## Data below
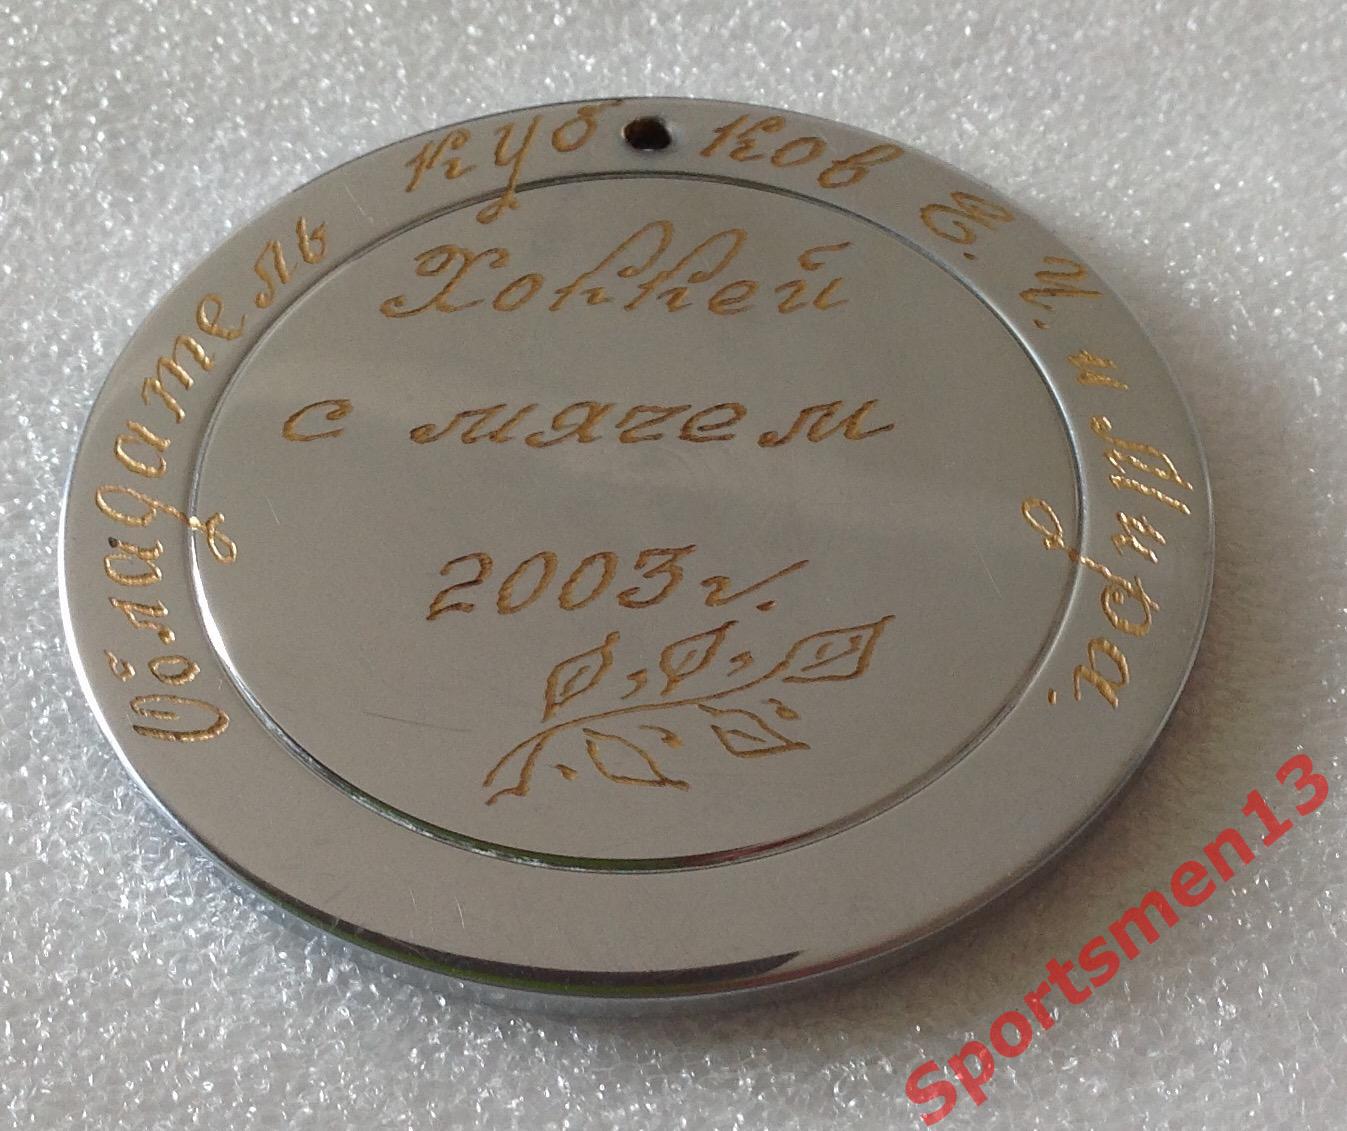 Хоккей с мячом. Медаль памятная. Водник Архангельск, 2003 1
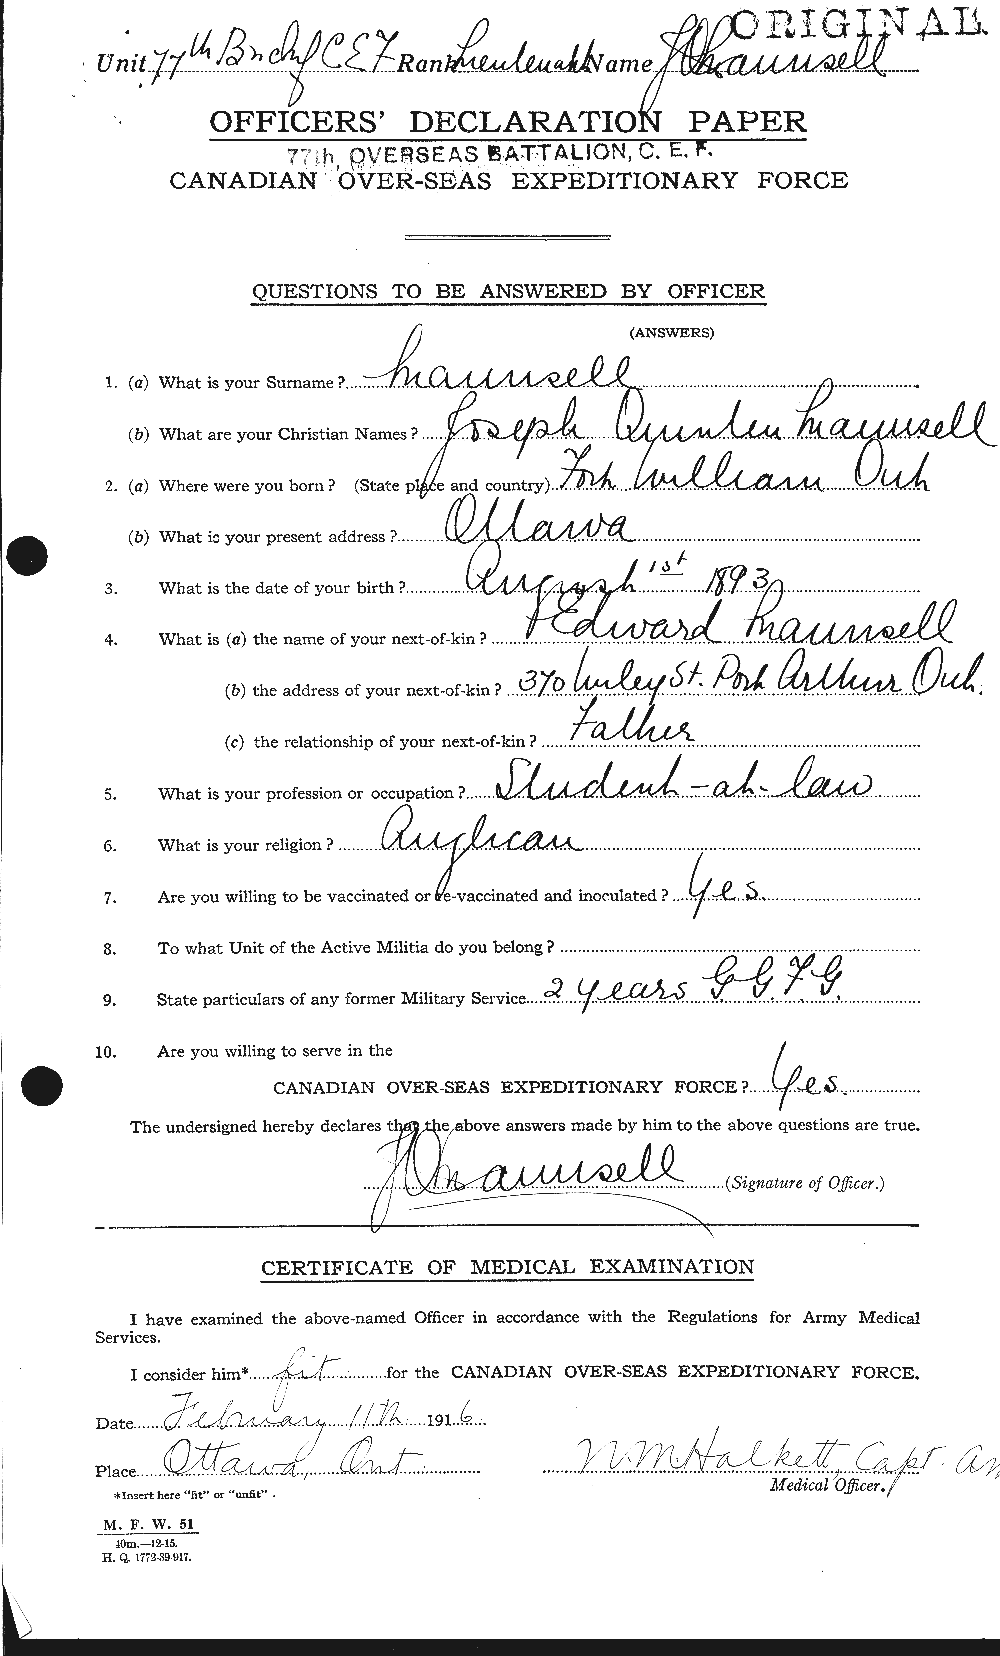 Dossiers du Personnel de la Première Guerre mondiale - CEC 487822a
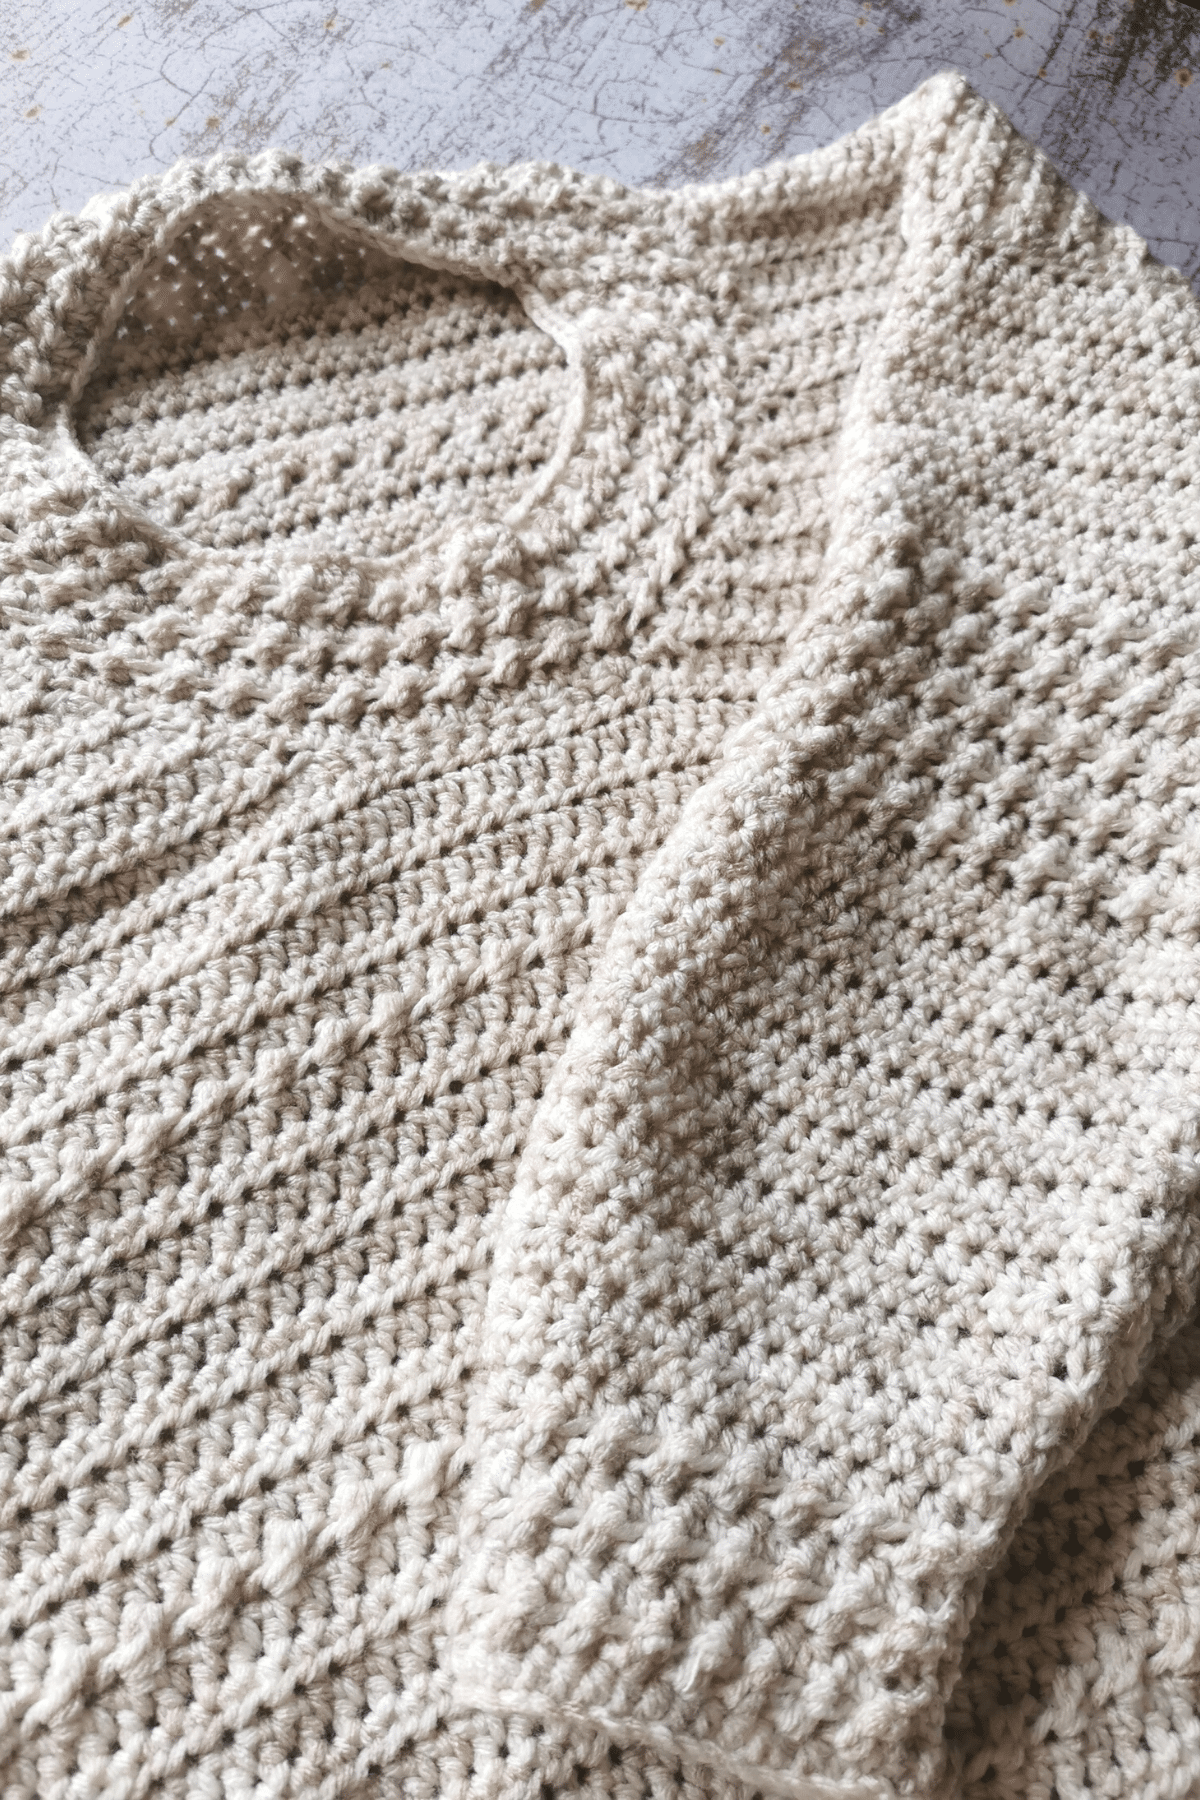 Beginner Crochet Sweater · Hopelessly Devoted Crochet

## Prompt
Quote all the lines above exactly as given. Do not include the pictures.

## Response area
 Хоккей с мячом. Медаль памятная. Водник Архангельск, 2003 1
 Dossiers du Personnel de la Première Guerre mondiale - CEC 487822a
 Beginner Crochet Sweater · Hopelessly Devoted Crochet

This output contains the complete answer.